Movie review: Inside Job

In the award-winning documentary “Inside Job,” director Charles Ferguson tweezes out the particulars of the 2008 global financial crisis.

Ferguson reminds the viewer time and time again: it wasn’t an accident – the biggest financial catastrophe the world has ever seen – but a quiet storm brought on by 30 years of deregulation, risky financial instruments, conflicts of interest, fraud, toxic loans and a handful of CEOs who eventually destroyed their own companies.

Most of the subject matter is old news; a sizeable collection of journalists and authors has written about the near collapse of the financial system. But “Inside Job” gives you a peek into the convoluted Wall Street culture and introduces many of the supporting players who helped defeat the U.S. economy.

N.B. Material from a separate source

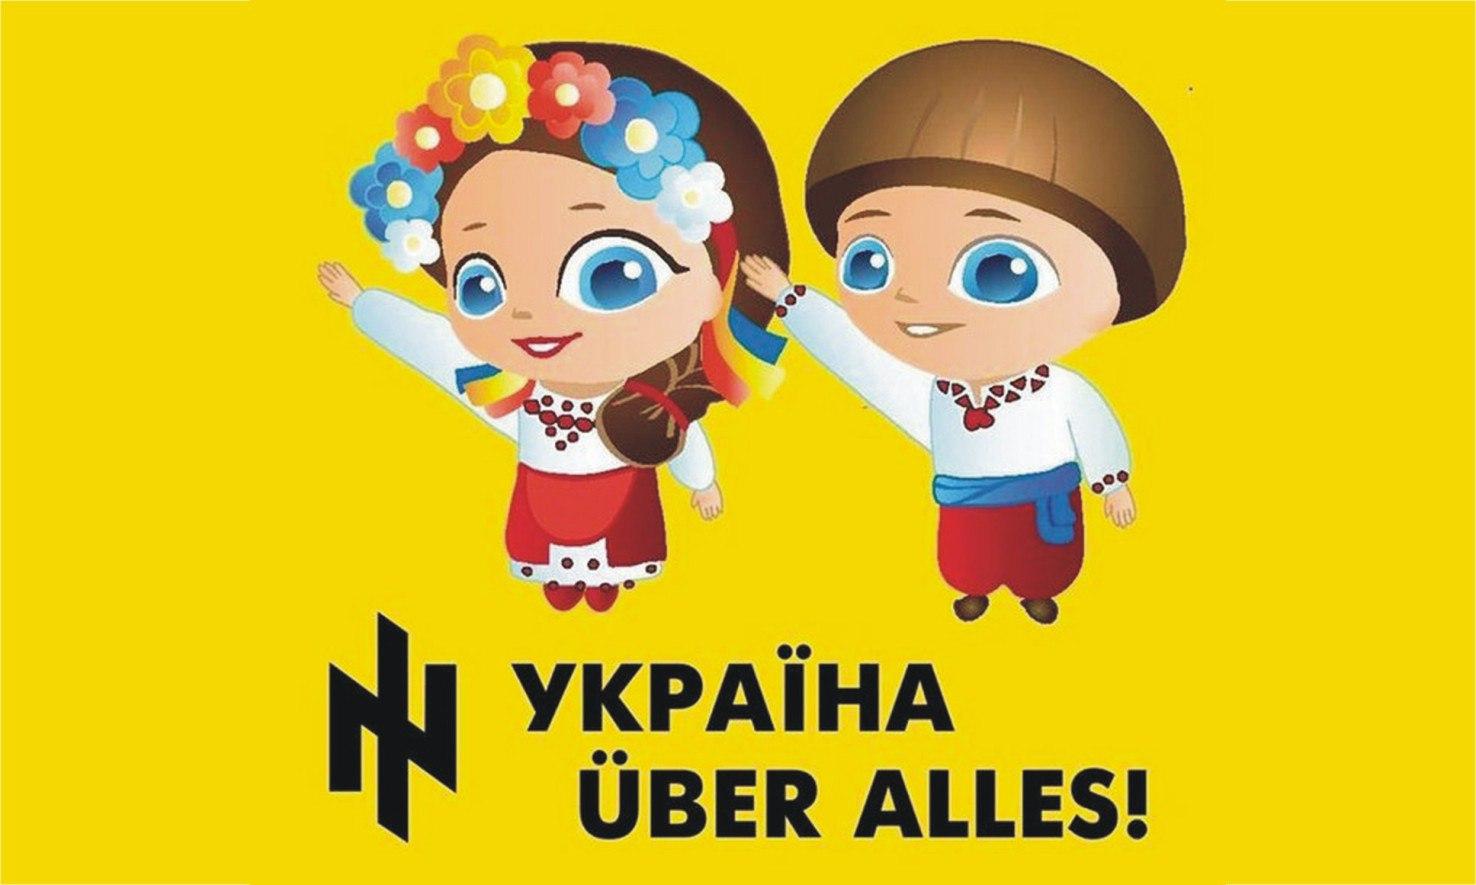 Украина über alles!

While financial bigwigs were enthusiastic as the real estate bubble was growing and the markets continued to climb, some skeptical economists and advocacy groups came forward with papers and technical analysis exhibiting foreseeable problems. They were ignored.

But most prominent CEOs and major financial players (many of whom were not willing to sit down with Ferguson) forged ahead. Aside from Scott Talbot, an unconvincing lobbyist and a couple of arrogant economics professors at Columbia and Harvard universities, “Inside Job” features people who share the director’s opinions.

Ferguson shines a dim light on all of the corruption and fraud that took place seemingly without consequence. Citibank helped funnel drug money out of Mexico. UBS helped wealthy Americans evade taxes. Fannie Mae overstated its earnings. The list goes on.

Much of the film is disturbing, detailing how the financial services industry paved the way for the rich to get richer and the poor to get, well, broke, unemployed, homeless and taunted with loans destined to go bad.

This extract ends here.